Experts say this happens despite the lack of information and knowledge among the user communities and the relevant stakeholders on the contribution of such animals to the overall livelihood improvement.

Donkeys remain the cheapest, convenient and consistent means of transport, draught power and farm production.

“Our goal through our donkey clinics is to protect this very hard-working, kind and gentle animal from numerous abuses,” said Dr Mutizhe.

“Changing perceptions of donkey welfare in the communities where they live and work is a large part of our approach at the AWARE and SPANA outreach programme.

“Indeed, raising awareness of donkey welfare, not just for the sake of the donkey but for owners and users, is a key step to making sure change is sustainable. That’s why it’s so encouraging to witness the opening of children’s education centre as well as the message taken up by local communities whenever we go out on our outreach programmes.

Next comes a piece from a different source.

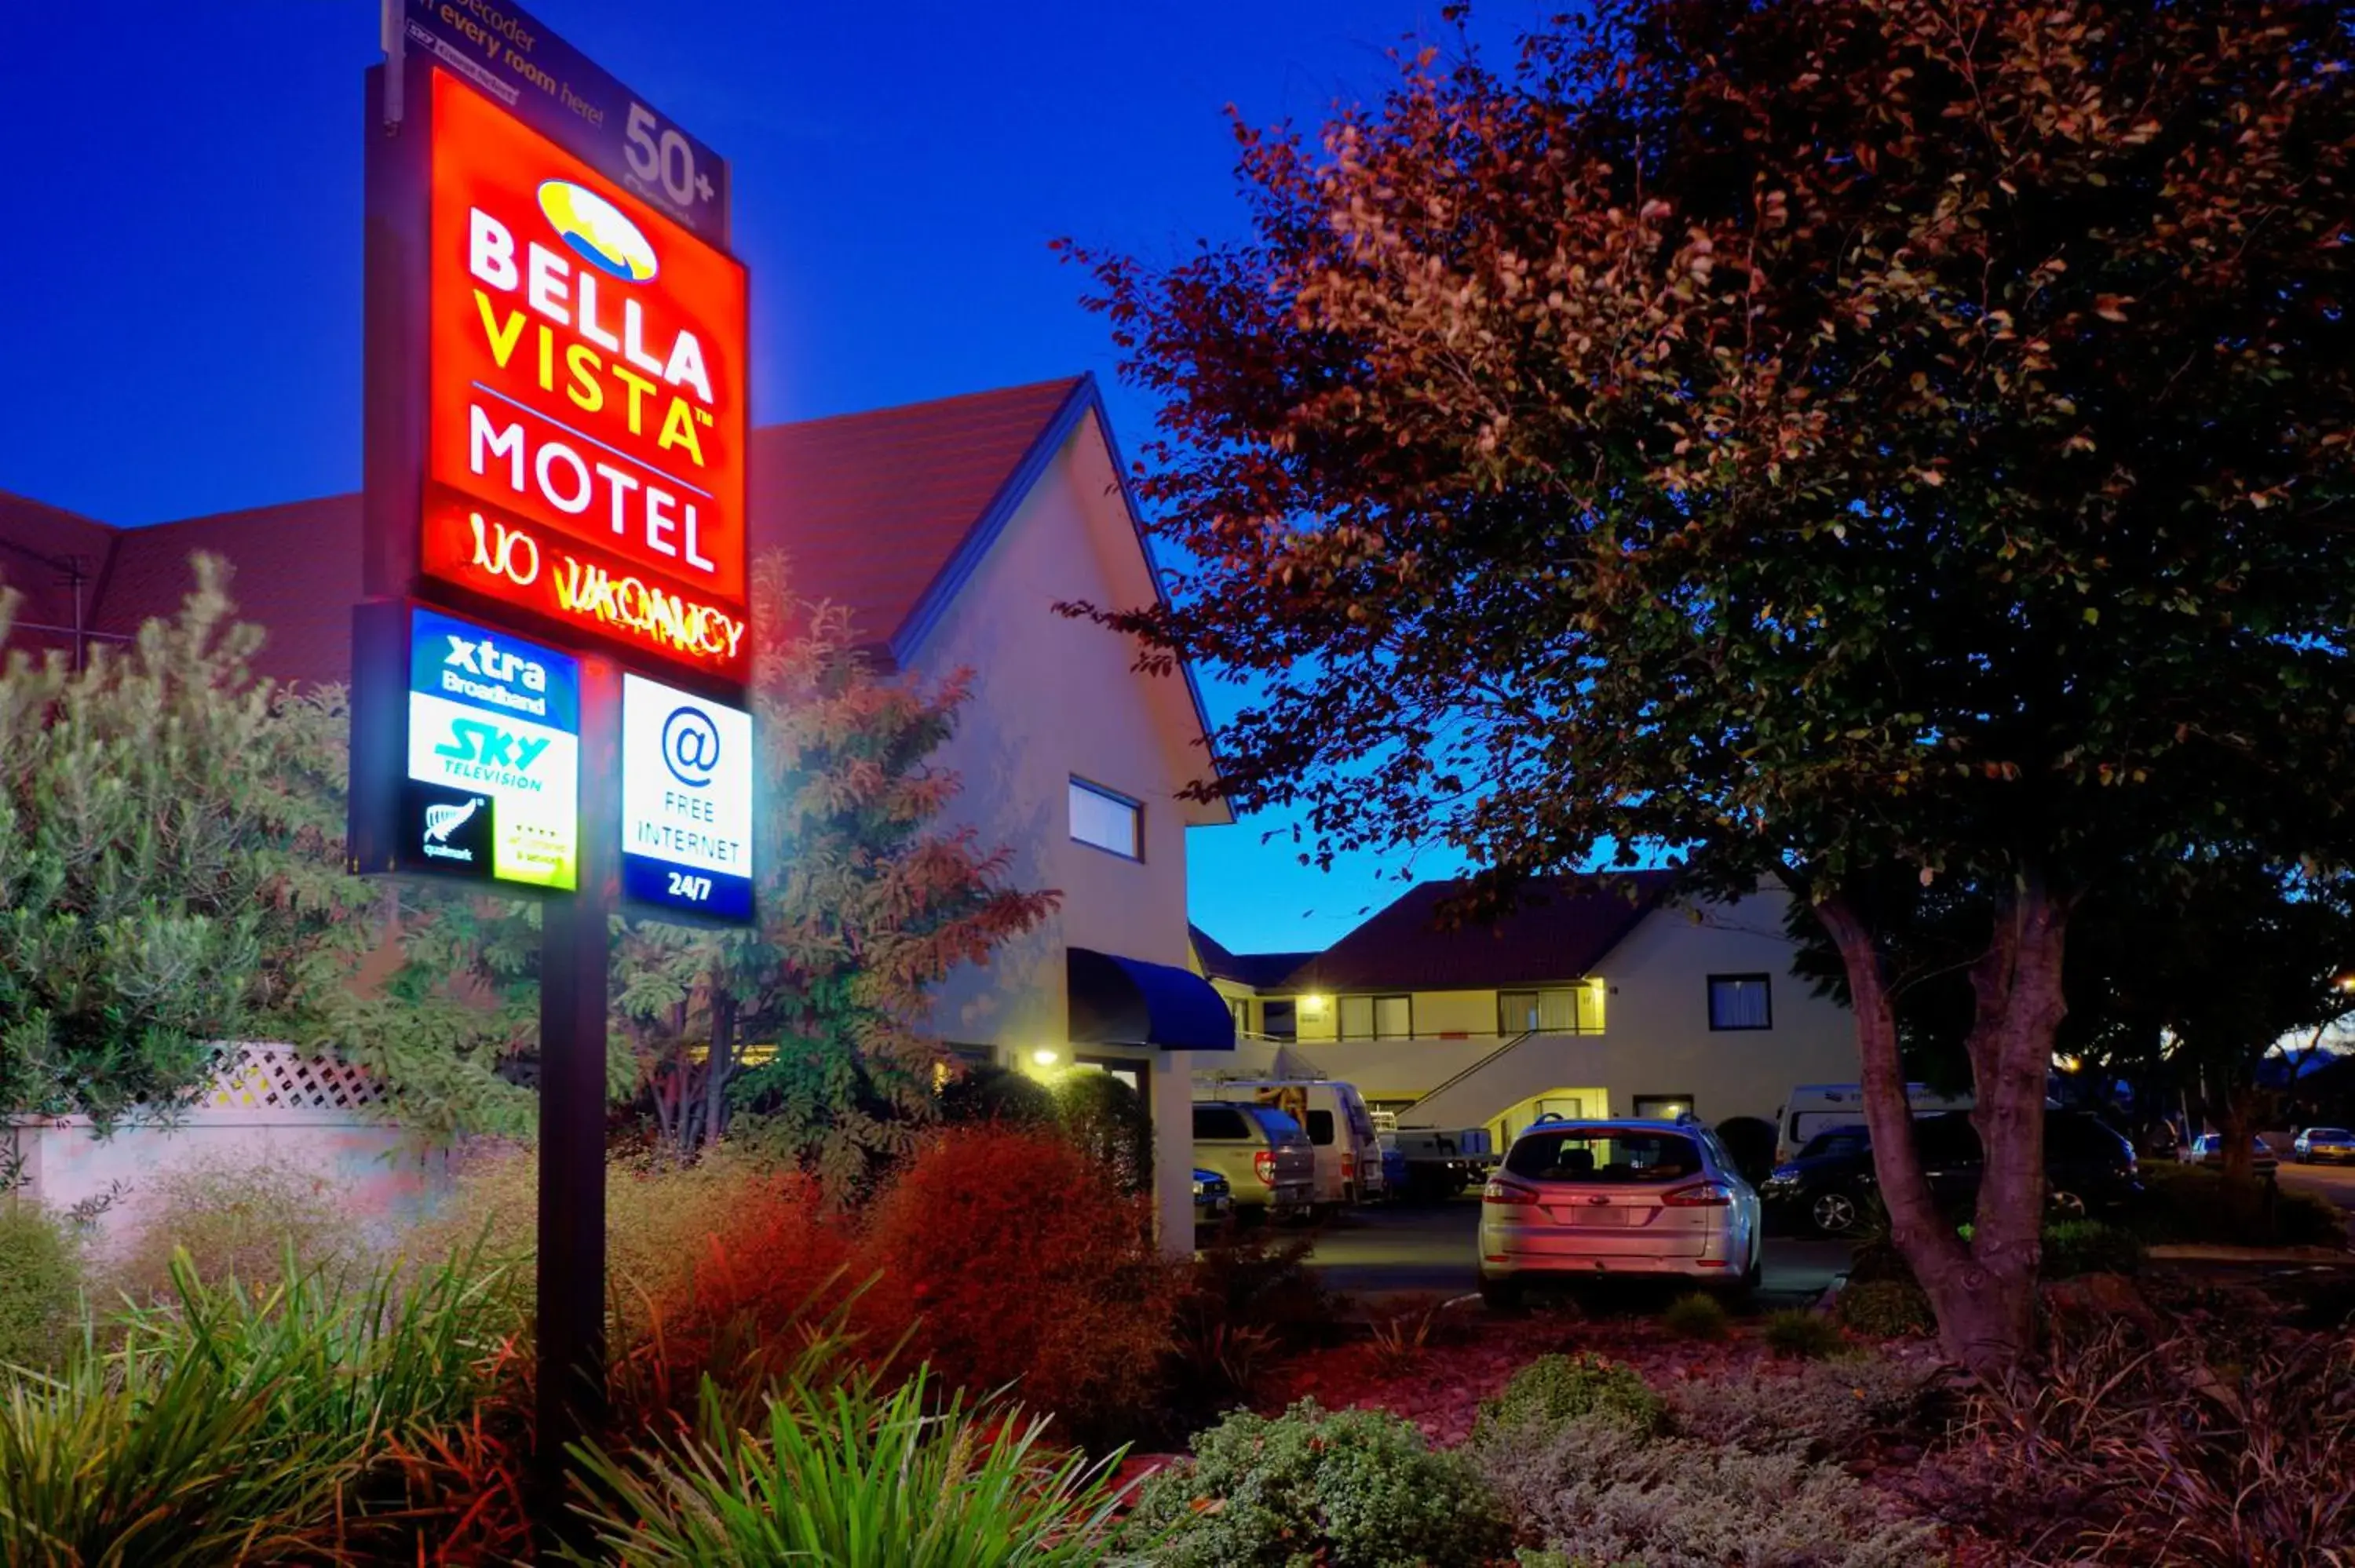 Property logo or sign, Property Building in Bella Vista Motel Blenheim

“All this, can have a big influence on public opinion.”

Apart from providing animal protection and care, training and advice to the local community, AWARE and SPANA Zimbabwe are also involved in an initiative to prevent donkey road accidents along the Beitbridge-Harare Highway,

Road accidents are a big problem for donkeys in the southern part of the country. They are seriously injured, sometimes fatally, on a regular basis on highways.

Dr Dutlow said efforts are now underway to prevent donkey accidents by giving them high visibility safety belts.

“After witnessing, first hand, the effects of accidents, which puts people as well as donkeys at risk, our organisation wanted to come up with a rapid response,” he said.

“The idea is important to save lives as well as donkeys.”

Donkeys have an incredibly hard life in drought prone districts of Zimbabwe.

They carry enormous weights on their backs, without any breaks or water for hours on end. They often live in incredible pain and discomfort.

And despite the increase in mechanisation, donkeys are still well deserving of the name ‘beasts of burden’.

In Zimbabwe and throughout the world, they play an important role in the transport of people and goods in rural, arid and semi-arid areas and where roads are poor or non-existent. — Zimpapers Syndication.